Shares of Chart Industries (NASDAQ:GTLS) climbed 22.3% in December, according to data from S&P Global Market Intelligence, on the heels of an encouraging analyst note.

More specifically, Chart Industries' rise last month began in earnest on Dec. 5, when Stifel analyst Benjamin Nolan initiated coverage on the liquefied natural gas (LNG) and industrial gas systems specialist, assigning a buy rating and an $83-per-share price target.

LED display with Propane, Oil, and Gas prices with red and green arrows indicating direction.

IMAGE SOURCE: GETTY IMAGES.

So what

To justify his bullishness, Nolan called Chart his "favorite" play in the LNG space, arguing it should benefit given its exposure across the LNG supply chain.

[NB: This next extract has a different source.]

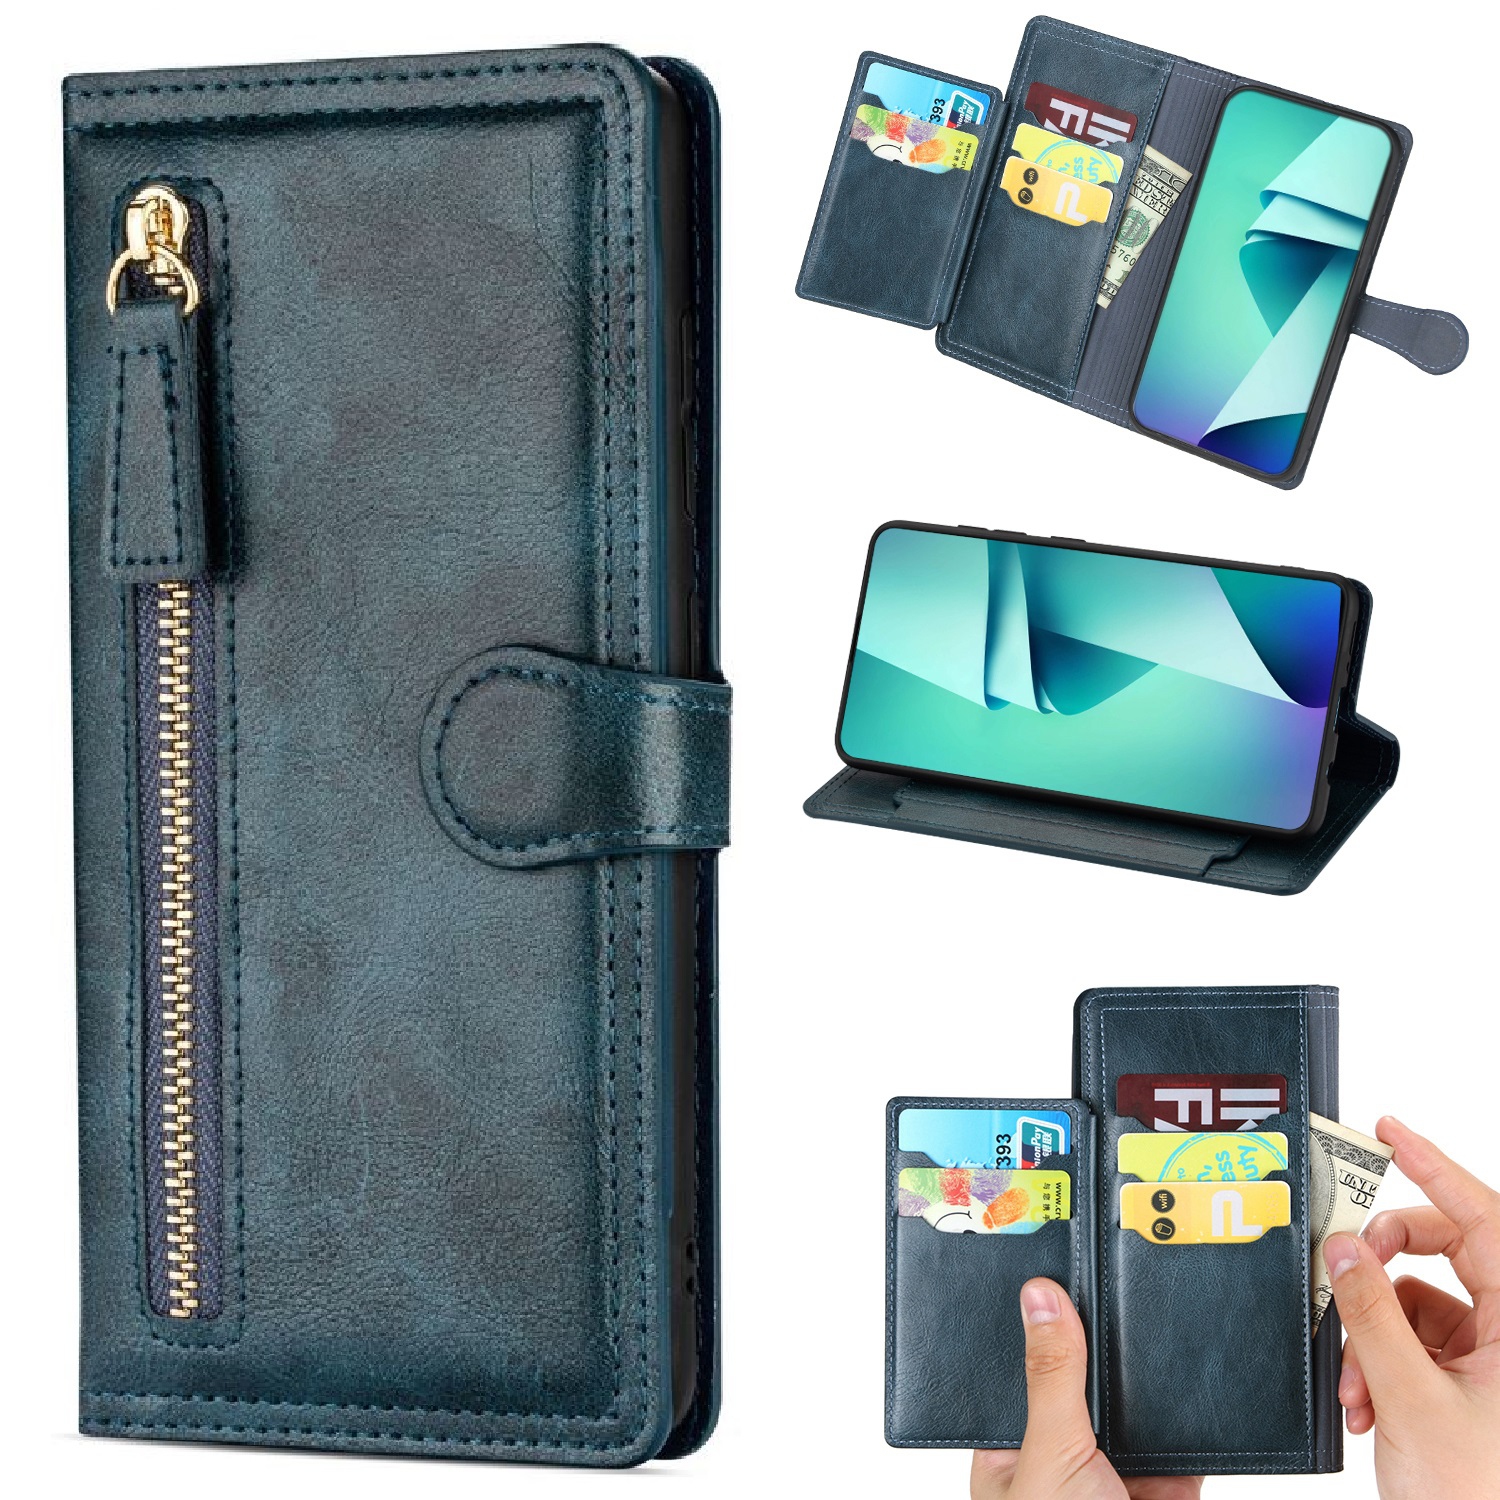 PIERO Leather Zipper Wallet Case Flip Card Holder Stand Phone Cover Premium Leather Flip Cover for Samsung Galaxy S22 ULTRA -Cyan (FREE SHIPPING)

He also reminded investors of Chart's expectation for global LNG demand to increase a steady 5% annually for the next decade, while the industrial gas side should benefit from a "solid and more gradually growing base."

Now what

Of course, it wasn't terribly surprising to see Chart Industries bounce last month from its 52-week low on Nolan's vote of confidence. But keep in mind the stock closed yesterday at just over $68 per share, marking a nearly 18% discount from his target. And he's certainly not the only analyst to argue this energy stock is undervalued -- fellow Fool Jason Hall suggested as much in late October, and BTIG analyst Greg Lewis weighed in only yesterday with his own buy rating and $100 price target.

With this chorus of optimism surrounding Chart Industries today -- and assuming no massive macroeconomic disruptions to the LNG industry -- I won't be the least bit surprised to see shares continue to rally in the coming quarters.